Flaunt magazine has a close encounter with Keira Knightley, lensed by Yu Tsai in ‘Long Distance Relationship’. The accompanying interview by Matthew Bedard is brilliantly written. Here’s a taste:

 

Let’s get a few things out of the way: your loyal narrator, being a man of his word, will not dramatize the ensuing interview with Keira Knightley in any which way. Frankly, he’d love to. He’d love to have you thinking that he was sitting next to her throughout, enjoying the springtime rebirth of London’s streets from the back seat of her private car, which muscles its way through the awakened capital from historic AbneyPark Cemetery (where she’s just been photographed for our cover in the finest Spring selections) to her six o’clock appointment at the West End’s Comedy Theatre for a performance in Lillian Hellman’s play, The Children’s Hour. Just imagine: there we are—the car alive with expectation—exchanging flirtatious quips, laughing at the silliness of our fanciful occupations, remarking on the poesy of the cherry blossoms that quiver and flitter about our periphery, having all the while,well, a ball. Hell, maybe there’d be champagne, a mutual friend unearthed following a riveting anecdote from yours truly, perhaps a post-theatre drinks proposal? Yes, he’d like to have you think all that, but here’s the truth: this one happened over the phone. And despite the resentment’s that’s stockpiling with every passing moment towards a certain publisher who purchased said narrator a ticket to Heathrow to entertain this very description, and then reneged (citing the necessity to “finish the magazine” or something), a half-hour on the phone with the Oscar-nominated, beguiling, flat-out foxy leading lady of contemporary screen and stage, is still, above all else, a charmed and insightful exchange.

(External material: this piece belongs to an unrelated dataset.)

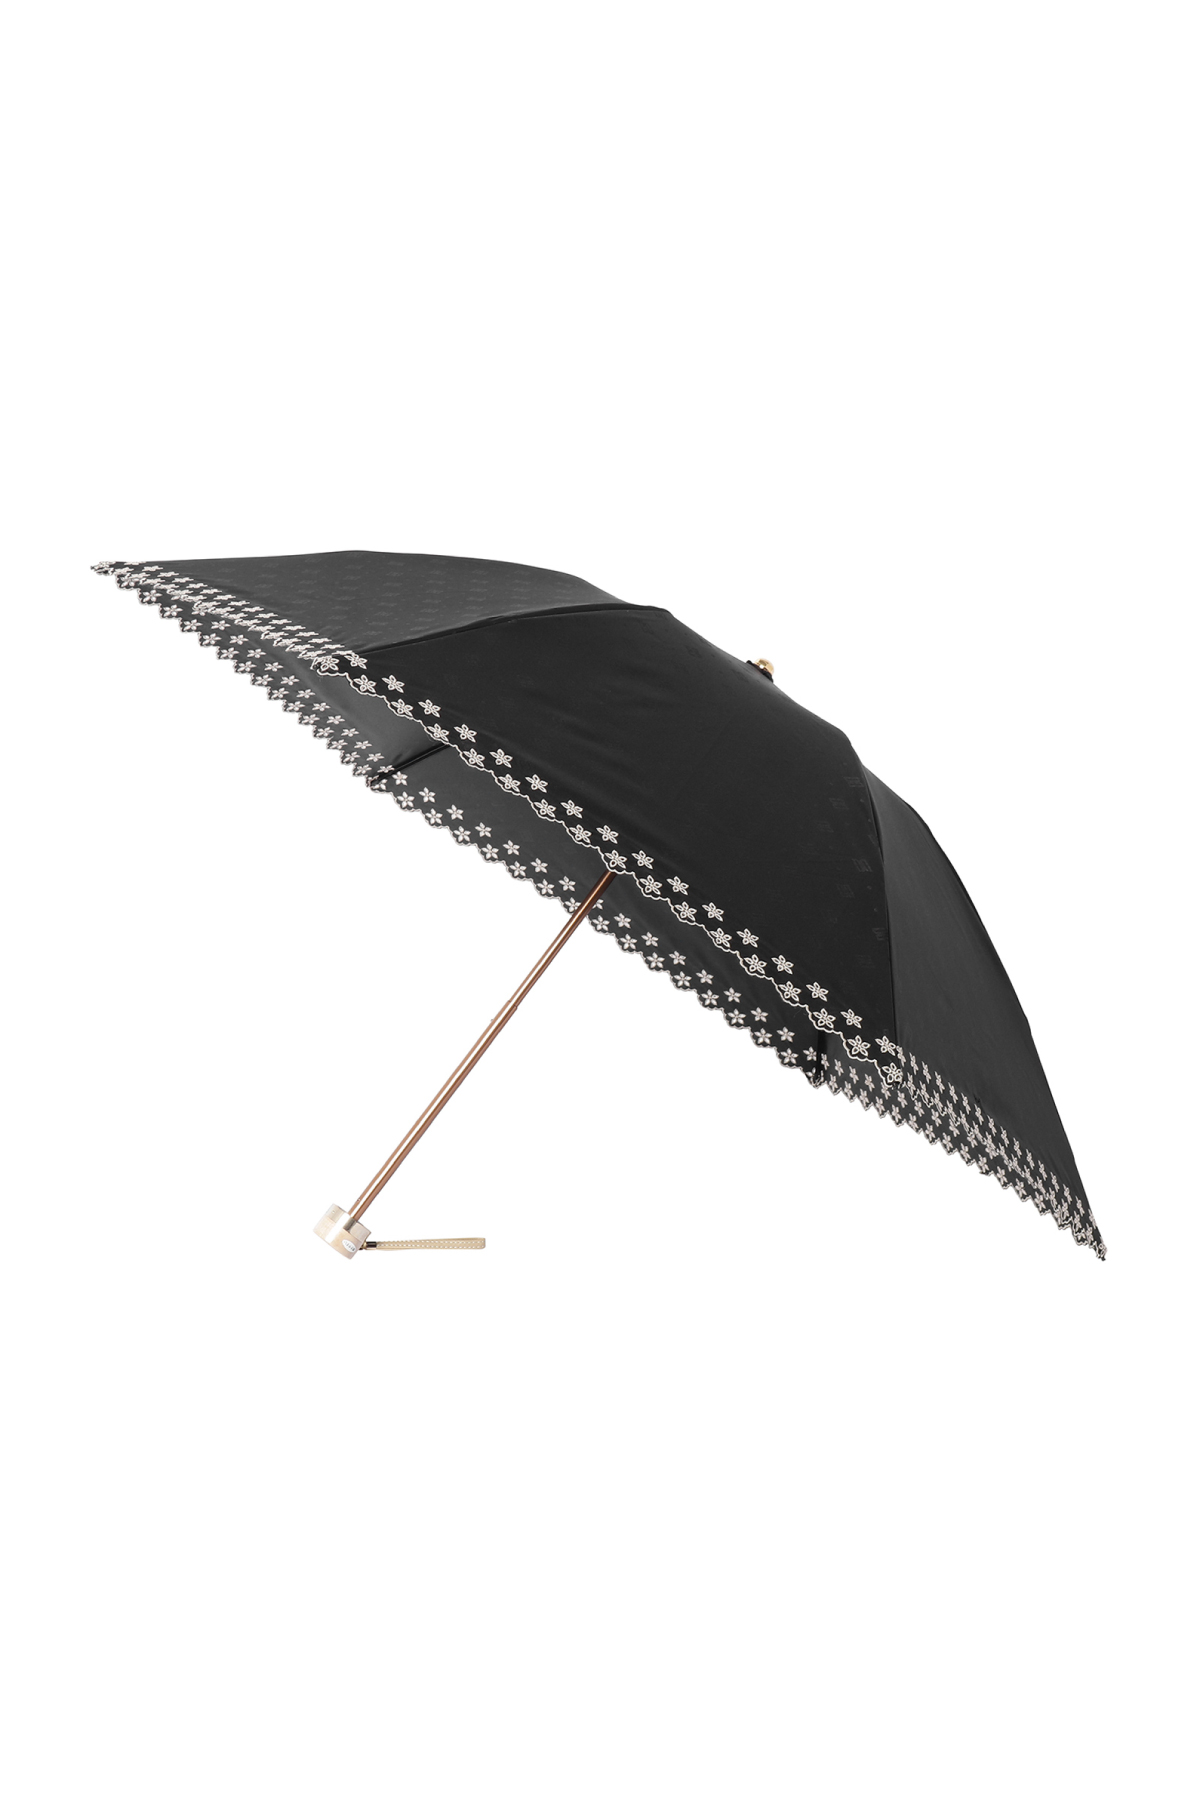 【日傘】ミニ折りたたみ傘ドットジャカード刺繍 詳細画像 15/ブラック
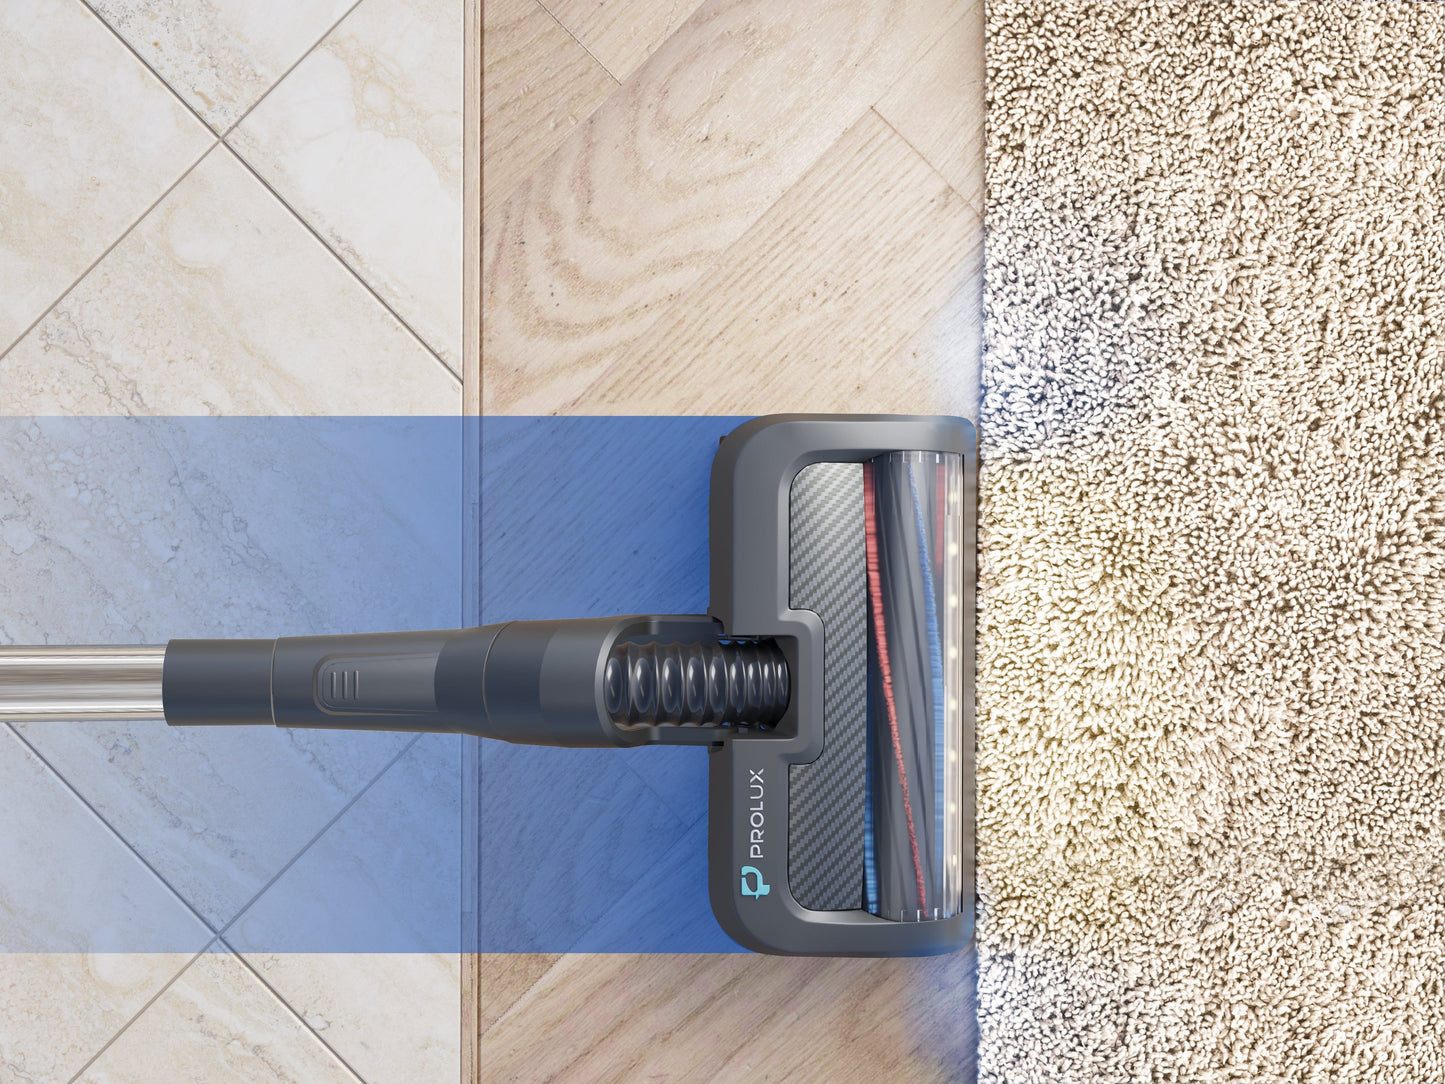 Prolux RS7 PET Cordless Handheld Stick Vacuum

So… Knightley tops off our champ flutes, cracks the limo window for a dash of that unmistakable Dalston breeze, requests a bit of low level Radio 4 from our very skilled driver, and proceeds to share on a medley of things, most importantly: fidelity. The film mostly in question throughout our chat is Massy Tadjedin’s directorial debut, Last Night, which stars Knightley and Sam Worthington, alongside Eva Mendes and Guillaume Canet, both of whom play a relatively proportionate role in unraveling and/or substantiating Knightley and Worthington’s young marriage in the course of 24 hours or so.